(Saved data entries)
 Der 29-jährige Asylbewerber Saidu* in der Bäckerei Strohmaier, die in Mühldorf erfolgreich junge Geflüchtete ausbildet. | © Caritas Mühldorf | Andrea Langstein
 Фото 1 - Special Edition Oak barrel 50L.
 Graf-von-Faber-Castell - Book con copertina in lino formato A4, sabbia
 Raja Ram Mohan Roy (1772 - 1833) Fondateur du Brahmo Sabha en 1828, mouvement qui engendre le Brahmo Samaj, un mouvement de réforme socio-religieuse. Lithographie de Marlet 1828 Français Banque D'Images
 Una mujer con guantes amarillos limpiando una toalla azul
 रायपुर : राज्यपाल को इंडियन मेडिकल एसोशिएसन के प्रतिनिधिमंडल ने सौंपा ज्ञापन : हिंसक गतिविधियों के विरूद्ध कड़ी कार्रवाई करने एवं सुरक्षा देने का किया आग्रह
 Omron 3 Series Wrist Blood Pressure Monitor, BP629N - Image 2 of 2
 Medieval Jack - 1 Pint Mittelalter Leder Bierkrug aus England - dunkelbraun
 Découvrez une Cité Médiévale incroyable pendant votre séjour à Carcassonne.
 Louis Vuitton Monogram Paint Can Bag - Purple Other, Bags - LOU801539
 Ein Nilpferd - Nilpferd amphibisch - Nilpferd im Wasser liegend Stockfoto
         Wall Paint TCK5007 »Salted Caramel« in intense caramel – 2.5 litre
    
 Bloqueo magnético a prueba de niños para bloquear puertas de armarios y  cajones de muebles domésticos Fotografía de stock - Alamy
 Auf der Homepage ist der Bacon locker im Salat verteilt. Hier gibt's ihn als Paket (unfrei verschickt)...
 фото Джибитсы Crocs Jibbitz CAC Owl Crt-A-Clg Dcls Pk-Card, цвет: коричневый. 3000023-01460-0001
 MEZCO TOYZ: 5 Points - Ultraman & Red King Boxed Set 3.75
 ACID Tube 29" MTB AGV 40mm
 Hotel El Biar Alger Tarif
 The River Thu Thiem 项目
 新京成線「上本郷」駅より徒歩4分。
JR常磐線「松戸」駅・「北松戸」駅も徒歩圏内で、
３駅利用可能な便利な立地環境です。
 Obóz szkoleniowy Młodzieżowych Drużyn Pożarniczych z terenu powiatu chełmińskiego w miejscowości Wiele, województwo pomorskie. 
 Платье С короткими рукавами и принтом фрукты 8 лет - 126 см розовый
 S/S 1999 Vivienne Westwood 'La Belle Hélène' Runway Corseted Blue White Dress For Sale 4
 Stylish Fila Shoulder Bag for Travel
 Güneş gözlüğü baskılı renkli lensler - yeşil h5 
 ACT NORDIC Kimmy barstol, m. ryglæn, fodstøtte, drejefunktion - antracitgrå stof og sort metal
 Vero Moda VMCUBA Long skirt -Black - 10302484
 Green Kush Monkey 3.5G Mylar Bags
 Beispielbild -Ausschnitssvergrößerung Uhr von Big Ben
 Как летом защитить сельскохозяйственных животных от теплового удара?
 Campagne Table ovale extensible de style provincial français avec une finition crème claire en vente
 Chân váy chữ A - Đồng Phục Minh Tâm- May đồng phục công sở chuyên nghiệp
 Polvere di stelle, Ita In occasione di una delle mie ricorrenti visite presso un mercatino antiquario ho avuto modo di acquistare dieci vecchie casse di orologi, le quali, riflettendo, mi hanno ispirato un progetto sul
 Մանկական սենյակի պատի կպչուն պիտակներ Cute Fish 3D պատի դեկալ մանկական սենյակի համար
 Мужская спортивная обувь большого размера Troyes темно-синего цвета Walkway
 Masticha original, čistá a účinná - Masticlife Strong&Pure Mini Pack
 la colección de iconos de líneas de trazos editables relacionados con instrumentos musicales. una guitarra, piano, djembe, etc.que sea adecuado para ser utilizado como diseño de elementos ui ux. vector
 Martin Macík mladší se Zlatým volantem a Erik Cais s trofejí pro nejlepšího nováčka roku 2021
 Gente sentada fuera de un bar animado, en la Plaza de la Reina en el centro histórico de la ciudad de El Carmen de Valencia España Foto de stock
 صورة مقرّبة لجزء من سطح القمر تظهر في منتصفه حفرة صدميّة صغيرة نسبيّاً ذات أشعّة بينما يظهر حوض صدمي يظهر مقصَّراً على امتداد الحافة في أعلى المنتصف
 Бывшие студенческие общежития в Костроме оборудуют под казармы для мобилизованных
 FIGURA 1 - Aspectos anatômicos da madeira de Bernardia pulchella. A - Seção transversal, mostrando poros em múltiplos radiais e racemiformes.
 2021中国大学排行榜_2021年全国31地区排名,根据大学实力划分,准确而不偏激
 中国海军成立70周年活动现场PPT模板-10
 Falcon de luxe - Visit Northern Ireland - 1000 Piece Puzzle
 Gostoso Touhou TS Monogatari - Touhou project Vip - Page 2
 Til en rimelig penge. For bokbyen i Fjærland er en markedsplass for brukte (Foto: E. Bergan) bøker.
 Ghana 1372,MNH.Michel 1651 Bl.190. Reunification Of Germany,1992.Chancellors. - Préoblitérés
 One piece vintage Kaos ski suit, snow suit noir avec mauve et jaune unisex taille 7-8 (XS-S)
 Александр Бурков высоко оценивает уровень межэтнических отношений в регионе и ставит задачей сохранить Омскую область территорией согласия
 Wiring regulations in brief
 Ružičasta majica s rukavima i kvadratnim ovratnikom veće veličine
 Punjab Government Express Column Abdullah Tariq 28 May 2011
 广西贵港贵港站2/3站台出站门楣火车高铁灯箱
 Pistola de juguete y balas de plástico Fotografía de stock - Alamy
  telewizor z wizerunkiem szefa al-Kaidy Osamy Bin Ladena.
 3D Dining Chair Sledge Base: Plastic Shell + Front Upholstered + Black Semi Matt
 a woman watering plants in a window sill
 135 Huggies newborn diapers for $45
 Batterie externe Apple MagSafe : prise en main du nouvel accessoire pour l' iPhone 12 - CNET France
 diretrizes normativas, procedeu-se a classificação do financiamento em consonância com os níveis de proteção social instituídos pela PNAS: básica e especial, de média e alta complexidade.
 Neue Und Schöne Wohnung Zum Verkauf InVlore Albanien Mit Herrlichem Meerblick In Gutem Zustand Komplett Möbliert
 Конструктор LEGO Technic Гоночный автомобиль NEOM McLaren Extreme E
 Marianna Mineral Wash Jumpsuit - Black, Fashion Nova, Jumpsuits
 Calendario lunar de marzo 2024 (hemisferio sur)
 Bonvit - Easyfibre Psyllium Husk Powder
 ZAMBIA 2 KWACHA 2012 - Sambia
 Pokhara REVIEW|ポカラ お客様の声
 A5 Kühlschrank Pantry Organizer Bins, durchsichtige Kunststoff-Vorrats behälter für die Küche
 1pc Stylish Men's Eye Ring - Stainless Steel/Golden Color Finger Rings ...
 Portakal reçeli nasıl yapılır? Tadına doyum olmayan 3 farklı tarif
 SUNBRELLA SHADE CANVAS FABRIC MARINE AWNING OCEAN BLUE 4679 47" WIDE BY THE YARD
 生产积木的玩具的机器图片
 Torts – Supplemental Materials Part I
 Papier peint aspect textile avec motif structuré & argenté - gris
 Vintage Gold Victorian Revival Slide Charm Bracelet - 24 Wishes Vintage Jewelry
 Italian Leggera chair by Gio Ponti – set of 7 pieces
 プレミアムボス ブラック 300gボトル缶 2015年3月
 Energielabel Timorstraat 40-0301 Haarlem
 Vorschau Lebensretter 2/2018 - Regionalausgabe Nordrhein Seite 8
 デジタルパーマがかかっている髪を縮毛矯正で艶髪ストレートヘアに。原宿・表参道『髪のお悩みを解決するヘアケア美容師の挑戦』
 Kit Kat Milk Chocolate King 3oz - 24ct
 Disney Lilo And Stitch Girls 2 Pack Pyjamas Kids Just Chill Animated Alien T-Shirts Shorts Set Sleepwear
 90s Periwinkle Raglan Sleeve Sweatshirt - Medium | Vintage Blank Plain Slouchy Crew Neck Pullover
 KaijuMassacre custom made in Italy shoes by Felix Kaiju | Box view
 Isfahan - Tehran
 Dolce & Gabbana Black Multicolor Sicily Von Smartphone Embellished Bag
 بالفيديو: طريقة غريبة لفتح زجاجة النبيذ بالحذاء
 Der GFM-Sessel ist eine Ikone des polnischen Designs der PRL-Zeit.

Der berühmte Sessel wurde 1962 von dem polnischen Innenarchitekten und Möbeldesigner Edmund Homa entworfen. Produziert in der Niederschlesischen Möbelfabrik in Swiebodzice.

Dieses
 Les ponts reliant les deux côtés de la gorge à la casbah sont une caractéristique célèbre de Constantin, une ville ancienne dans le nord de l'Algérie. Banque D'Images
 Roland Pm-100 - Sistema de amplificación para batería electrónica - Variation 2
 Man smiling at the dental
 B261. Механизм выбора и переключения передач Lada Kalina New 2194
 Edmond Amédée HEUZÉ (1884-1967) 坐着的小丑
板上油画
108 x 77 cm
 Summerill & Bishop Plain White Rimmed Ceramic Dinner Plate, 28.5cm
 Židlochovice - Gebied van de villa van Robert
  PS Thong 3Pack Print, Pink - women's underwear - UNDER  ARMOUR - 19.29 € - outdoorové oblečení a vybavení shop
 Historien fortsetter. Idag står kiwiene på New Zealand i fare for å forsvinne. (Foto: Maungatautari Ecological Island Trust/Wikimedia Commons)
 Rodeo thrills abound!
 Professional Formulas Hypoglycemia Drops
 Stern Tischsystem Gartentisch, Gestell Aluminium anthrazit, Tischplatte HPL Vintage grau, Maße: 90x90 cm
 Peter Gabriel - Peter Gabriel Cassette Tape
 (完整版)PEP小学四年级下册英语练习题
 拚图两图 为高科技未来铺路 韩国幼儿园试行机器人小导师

* WHAT THE EXERCISE ASKS
Output only an exact transcription of the lines above from the one with "S/S 1999 Vivienne" up to and including the one with "Мужская спортивная обувь".

* ANSWER BOX
 S/S 1999 Vivienne Westwood 'La Belle Hélène' Runway Corseted Blue White Dress For Sale 4
 Stylish Fila Shoulder Bag for Travel
 Güneş gözlüğü baskılı renkli lensler - yeşil h5 
 ACT NORDIC Kimmy barstol, m. ryglæn, fodstøtte, drejefunktion - antracitgrå stof og sort metal
 Vero Moda VMCUBA Long skirt -Black - 10302484
 Green Kush Monkey 3.5G Mylar Bags
 Beispielbild -Ausschnitssvergrößerung Uhr von Big Ben
 Как летом защитить сельскохозяйственных животных от теплового удара?
 Campagne Table ovale extensible de style provincial français avec une finition crème claire en vente
 Chân váy chữ A - Đồng Phục Minh Tâm- May đồng phục công sở chuyên nghiệp
 Polvere di stelle, Ita In occasione di una delle mie ricorrenti visite presso un mercatino antiquario ho avuto modo di acquistare dieci vecchie casse di orologi, le quali, riflettendo, mi hanno ispirato un progetto sul
 Մանկական սենյակի պատի կպչուն պիտակներ Cute Fish 3D պատի դեկալ մանկական սենյակի համար
 Мужская спортивная обувь большого размера Troyes темно-синего цвета Walkway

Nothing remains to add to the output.